Eerst werden er de nodige bouwkundige aanpassingen aan de kerk gedaan. In augustus 1725 begon stadstimmerman Claes Bockes Balck met het vervaardigen van de orgelkas. In december 1725 verhuisde orgelbouwer Müller met zijn gezin naar Leeuwarden om het orgel te bouwen. In maart 1727 werd het instrument gekeurd door drie vooraanstaande organisten, die er zeer over te spreken waren.
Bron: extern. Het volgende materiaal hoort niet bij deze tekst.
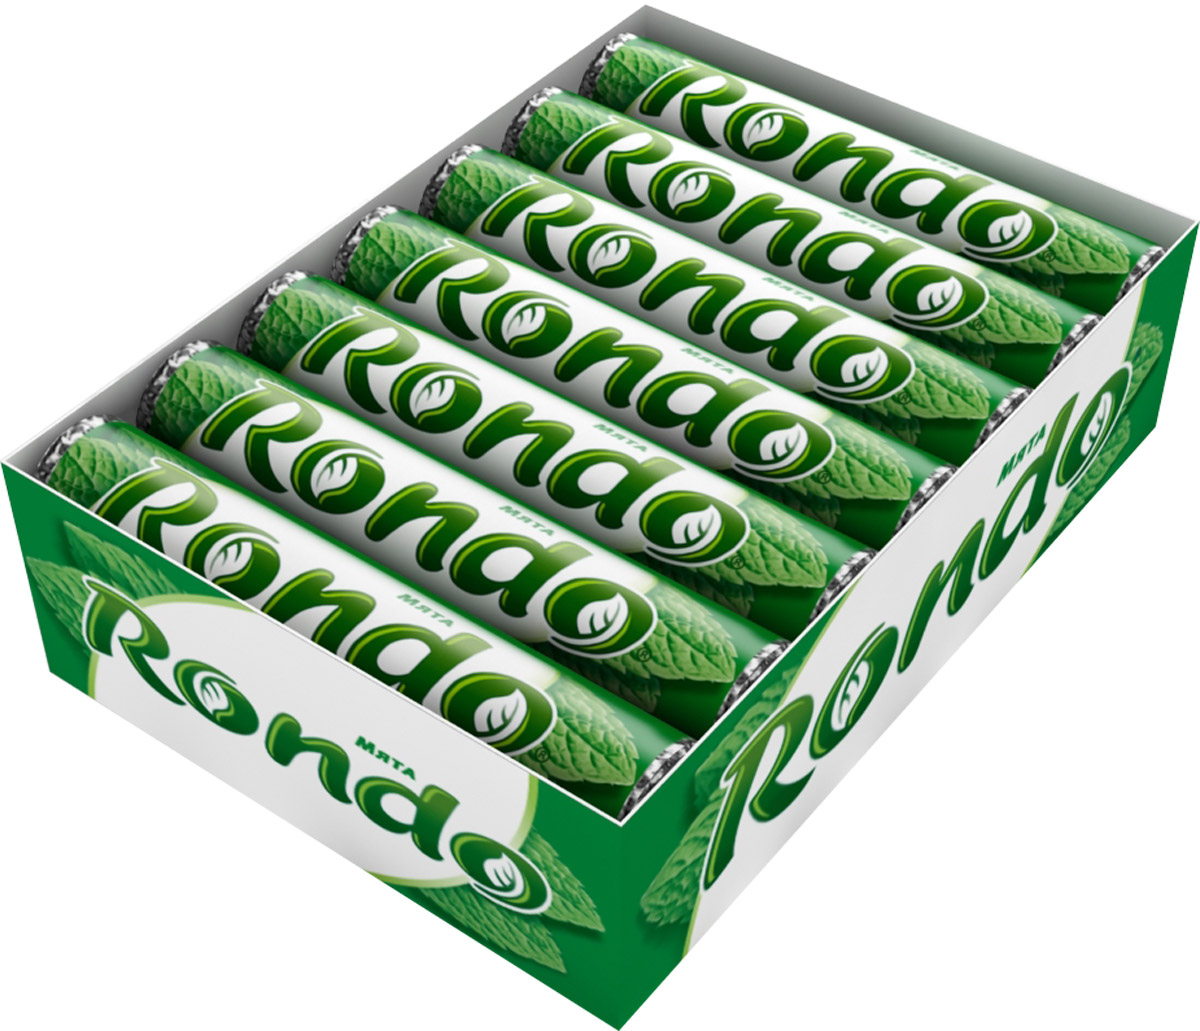 Rondo Мята освежающие конфеты, 14 пачек по 30 г5000159372824Конфеты Rondo с ароматом мяты освежают дыхание и делают день слаще! Уникальный продукт, созданный в 1996 году специально для российских потребителей, по-прежнему остается одним из любимых оружий против несвежего дыхания. Свежее дыхание облегчает понимание!Уважаемые клиенты! Обращаем ваше внимание, что полный перечень состава продукта представлен на дополнительном изображении.

Op de orgelkas staan drie manshoge beelden die Geloof, Hoop en Liefde voorstellen, met daartussenin twee bazuinblazende engelen. Dit beeldhouwwerk is van de hand van Gerbrand van der Haven, terwijl de kleinere figuren op het rugwerk vervaardigd zijn door Jacob Sydses Bruinsma, die ook tekende voor het snijwerk met het stadswapen onder het orgel.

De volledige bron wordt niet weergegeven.